* **Given information**
□ □ □ □ □ □ □

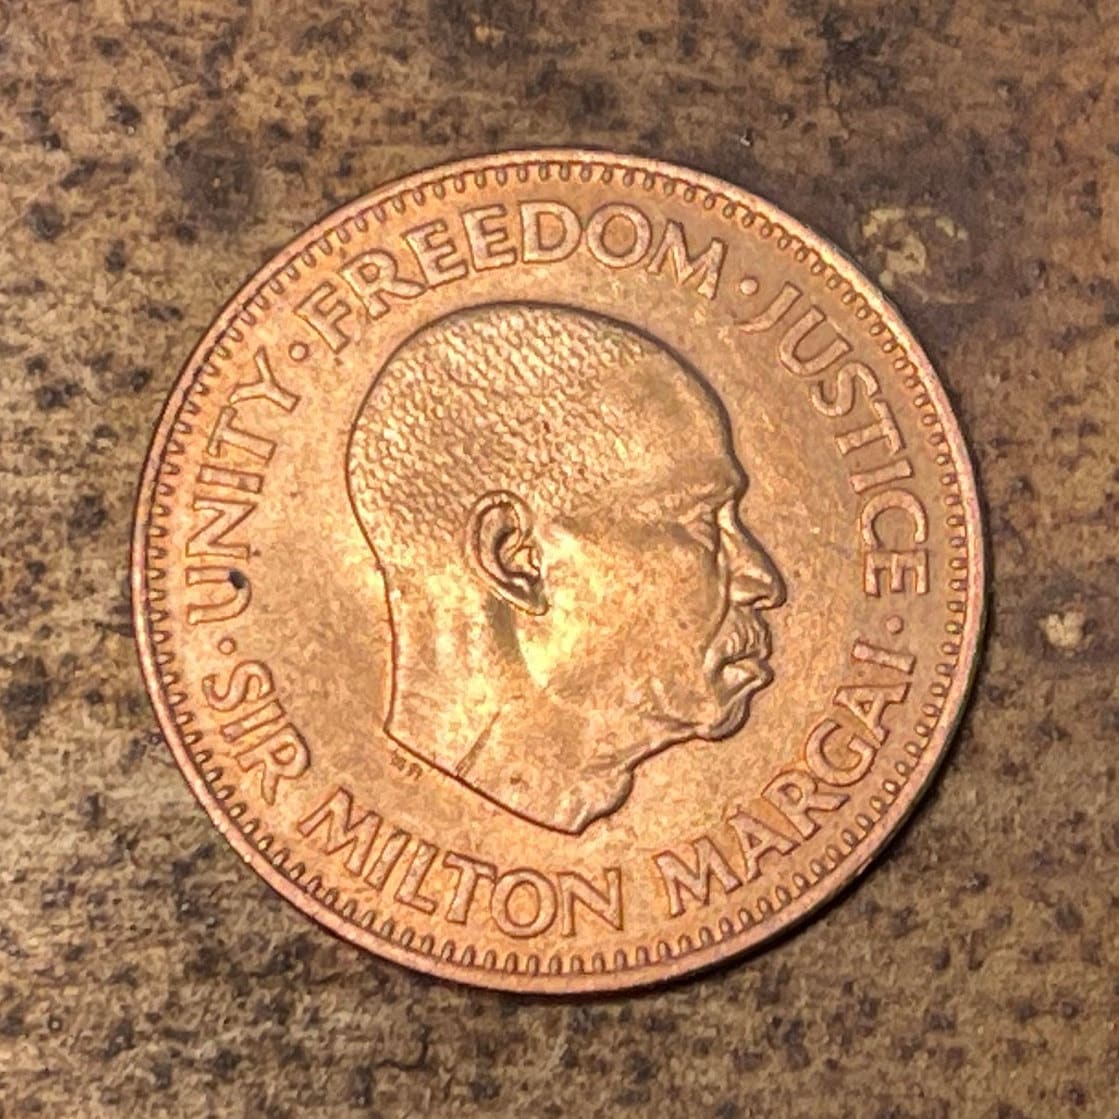 Bonga Shad & Sir Milton Margai 1/2 Cent Sierra Leone Authentic Coin Money for Jewelry and Craft Making (1964)
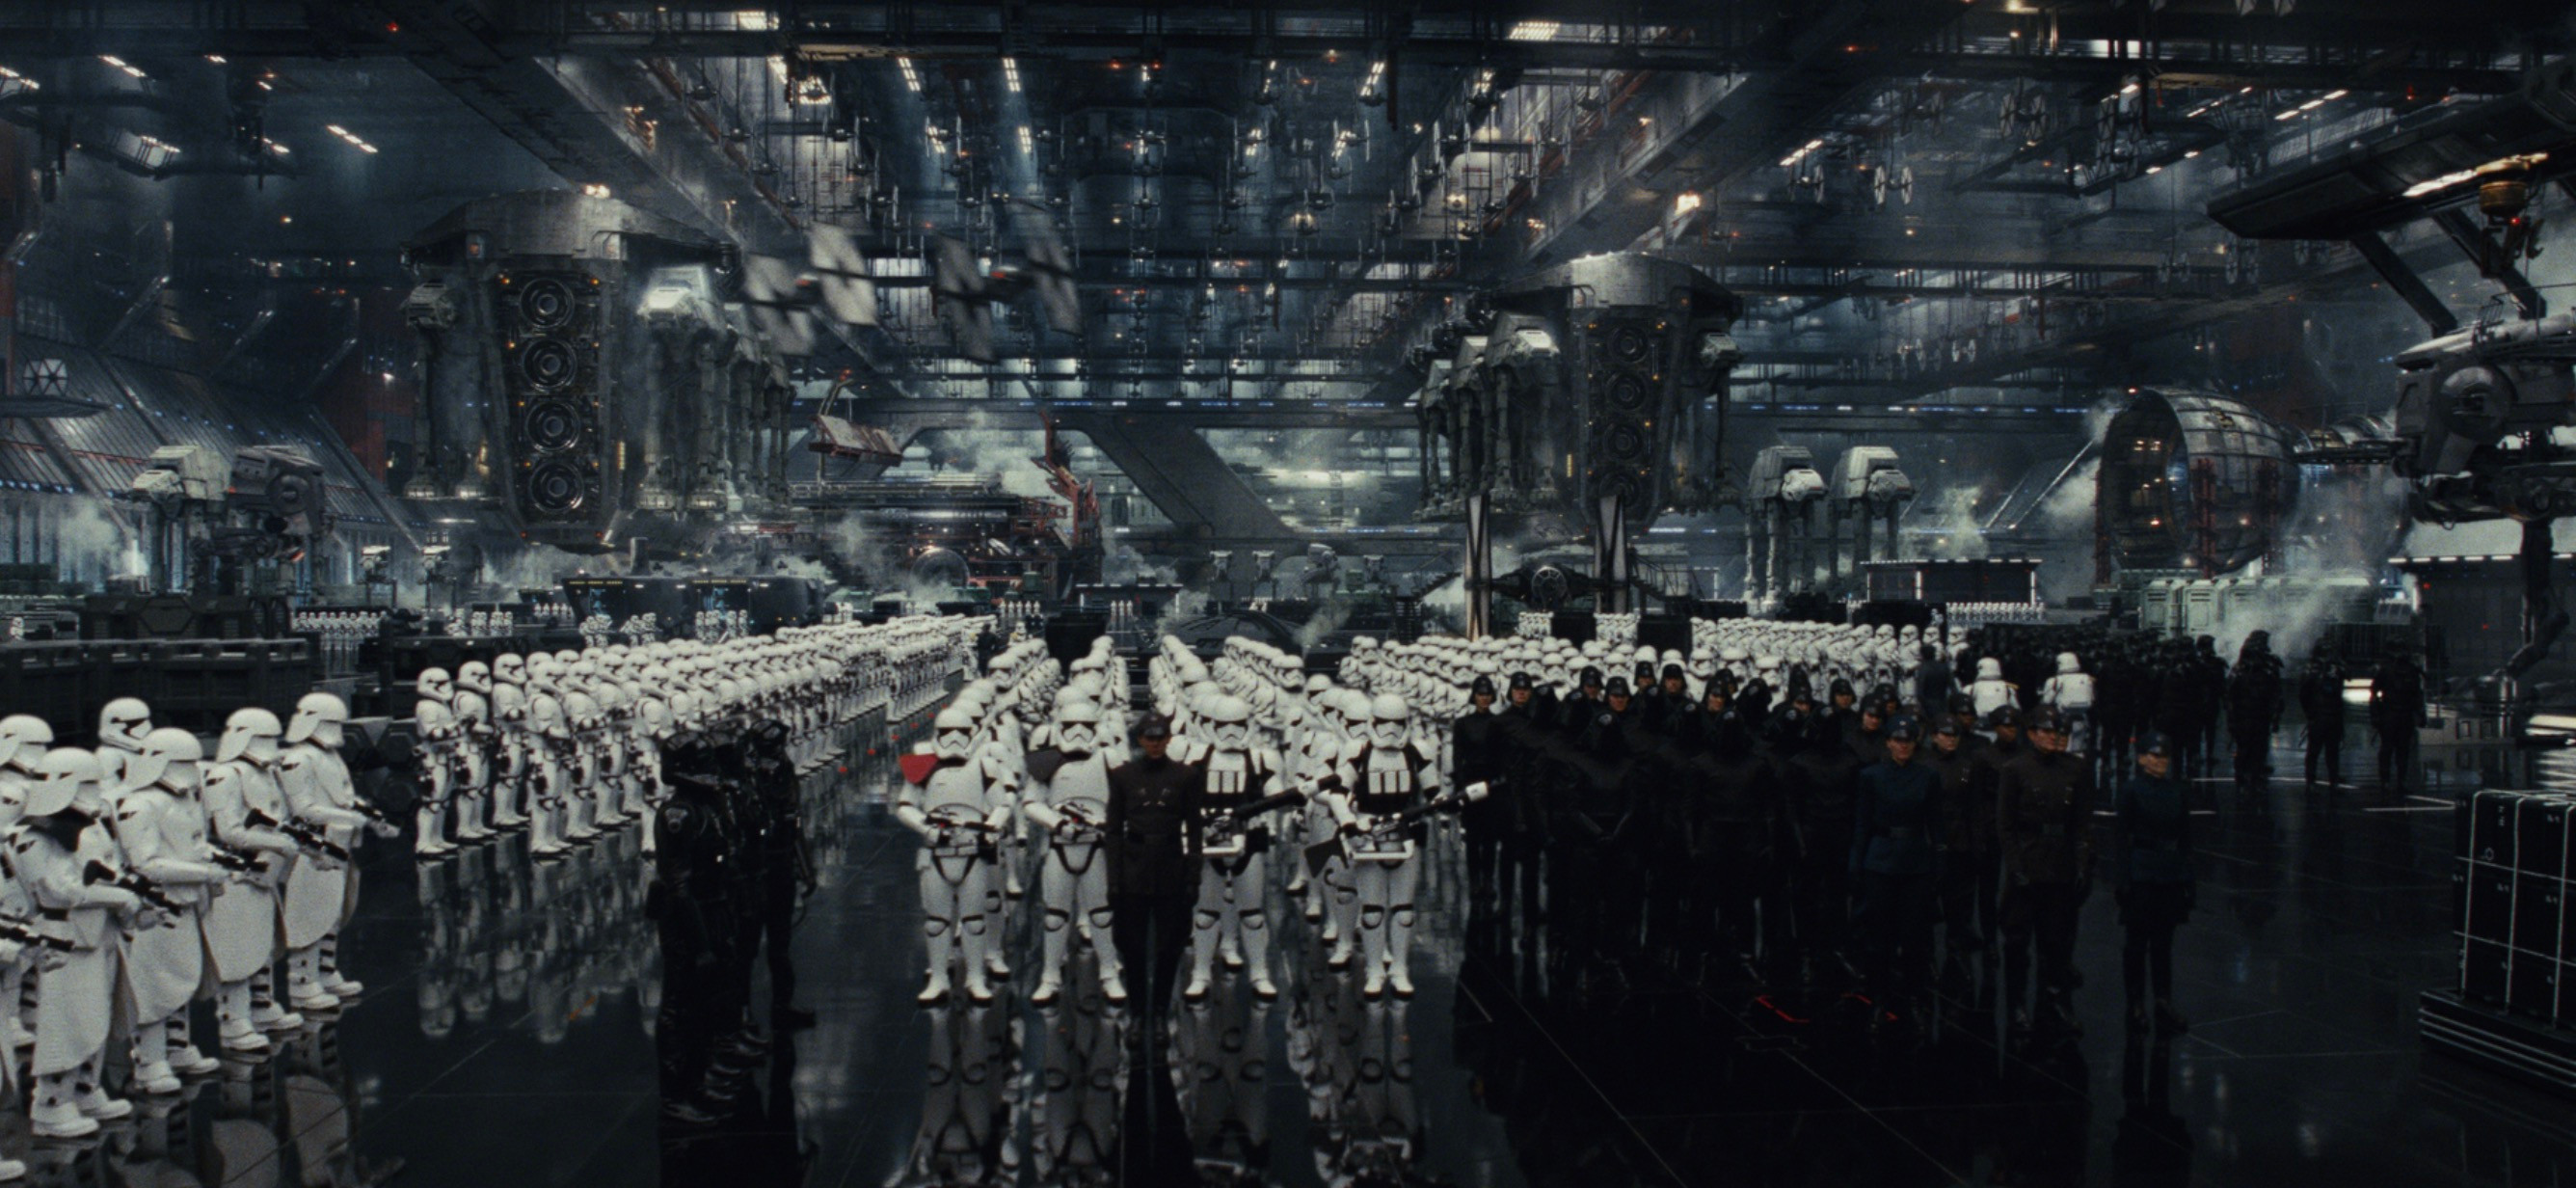 (Star Wars: The Last Jedi - ILM) First Order Hangar -Worked closely with generalists to make all modular Structural components, lots of set
dressing parts and ATAT Carrier
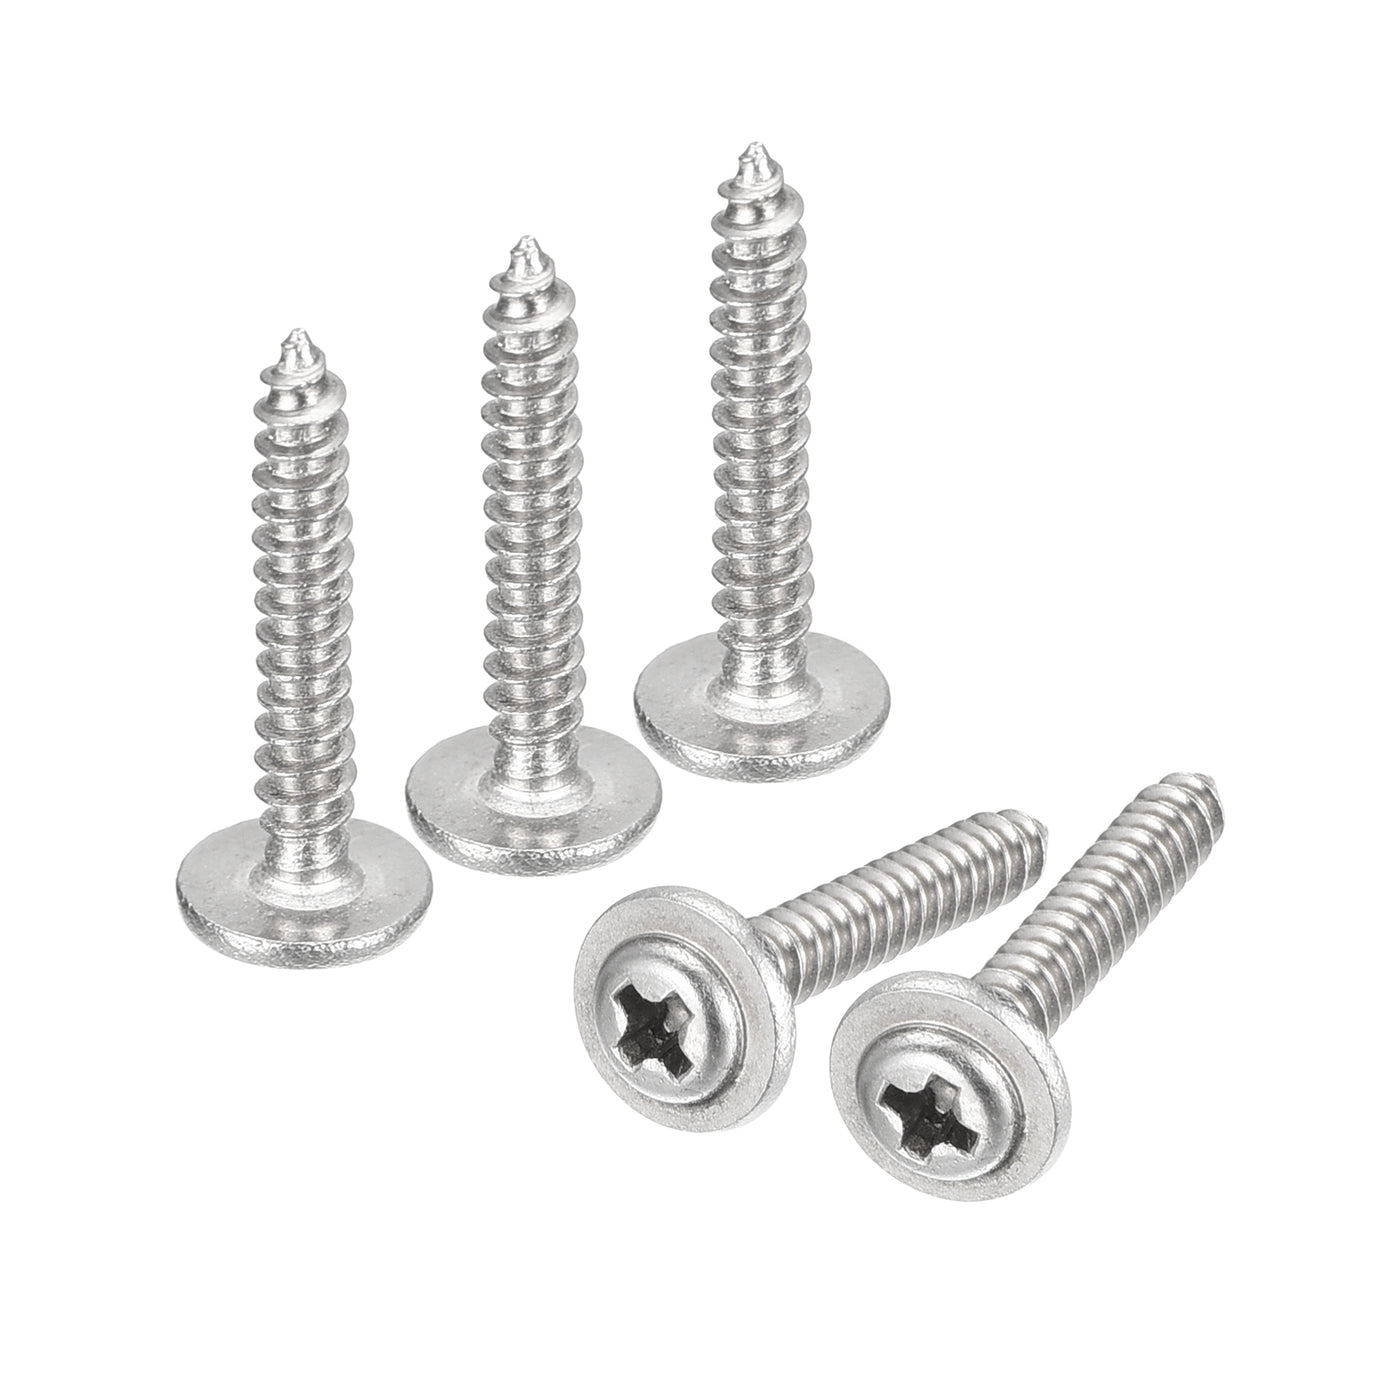 uxcell Uxcell ST2.6x14mm Phillips Pan Head Self-tapping Screw with Washer, 100pcs - 304 Stainless Steel Wood Screw Full Thread (Silver)

□ □ □ □ □ □ □

* **Work task**
Set out the material once more, exact in every line, with no images.

* **Exercise result**
 Bonga Shad & Sir Milton Margai 1/2 Cent Sierra Leone Authentic Coin Money for Jewelry and Craft Making (1964)
 (Star Wars: The Last Jedi - ILM) First Order Hangar -Worked closely with generalists to make all modular Structural components, lots of set
dressing parts and ATAT Carrier
 uxcell Uxcell ST2.6x14mm Phillips Pan Head Self-tapping Screw with Washer, 100pcs - 304 Stainless Steel Wood Screw Full Thread (Silver)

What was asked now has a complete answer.